The arguments here are arguments to the entire GEMM, a nested struct containing the arguments to the EVT. A typical arguments would look like

typename Gemm::Arguments arguments{
    cutlass::gemm::GemmUniversalMode::kGemm, // GEMM mode (batched, grouped, // etc.)
    problem_size,
    {block_A.get(), stride_A,                // pointers and strides for mainloop
      block_B.get(), stride_B},
    {epilogue_fusion_args,                   // arguments to EVT
      block_C.get(), stride_C,                // pointers and strides for epilogue
      block_D.get(), stride_D},
    hw_info                                  // hardware info
};

Meanwhile, workspace_ptr points to a GMEM allocation used for additional workspace. Currently, this is workspace is only used by reduction nodes (so for an EVT that performs no reductions, a null pointer can be passed). The required size can be calculated by

size_t workspace_size = Gemm::get_workspace_size(arguments);

When gemm.initialize() is called, two things happen:

  • The host-side Arguments struct is recursively converted into device-side Params, by means of various functions called .to_underlying_arguments(). As an example, the caller will pass in the addresses and strides of A, B, C, and D, and any auxiliary tensors used by the EVT. At this point, these are internally converted to TMA descriptors. These Params will later be used to initialize an EVT object inside the kernel.
  • Any EVT nodes that require workspace are assigned a piece of the previously-allocated workspace.
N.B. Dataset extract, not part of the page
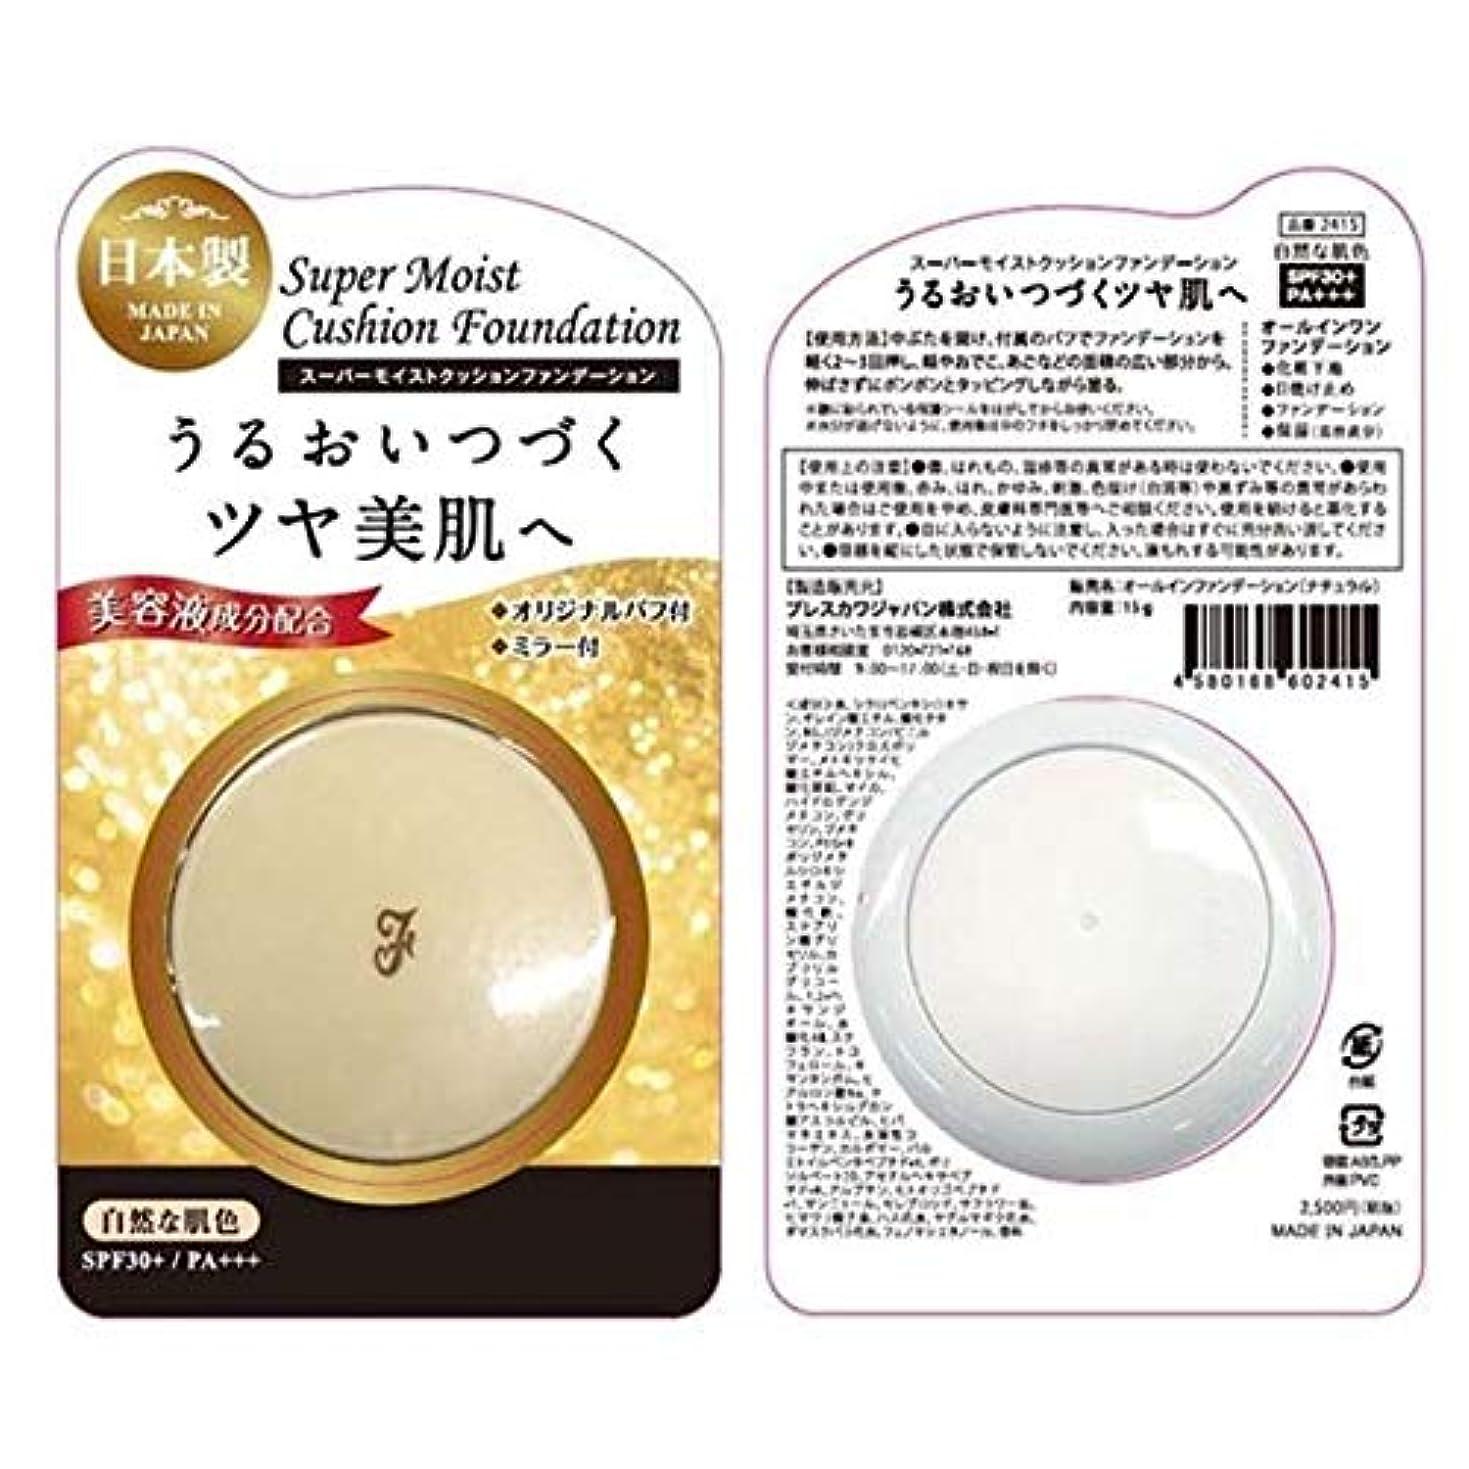 頭痛クラシカル誇張日本製●クッションファンデーション SPF30+ PA+++ 新色 自然な肌色 さらっとした使い心地 コスメ しっとりなめらか ファンデ

Equipped with this knowledge, we can also get custom kernels to interact with CUTLASS’s epilogue visitor trees outside of its CollectiveBuilder interface. This basically entails:

  • Converting host-side arguments to device-side parameters using .to_underlying_arguments(), and using these to initialize an EVT object.
  • Initializing ConsumerStoreCallbacks and/or ProducerStoreCallbacks from the EVT object and kernel setup information.
  • Adding calls to the callbacks member functions at appropriate points in the epilogue.

In particular, note that each type of node only overloads some of the callbacks methods — and thus it’s possible to introduce partial support for EVT into a kernel by incorporating some of these calls. As a basic example of this, we’ve added partial support for EVT to the sm90 kernel constructed for a previous blog post. The example is available on our GitHub repo. This kernel only calls cst_callbacks.begin(), cst_callbacks.visit(), and cst_callbacks.end(). That’s already enough to support any epilogue consisting of scalar and column broadcasts, elementwise operations, and scalar reductions — including the earlier binary cross-entropy loss example!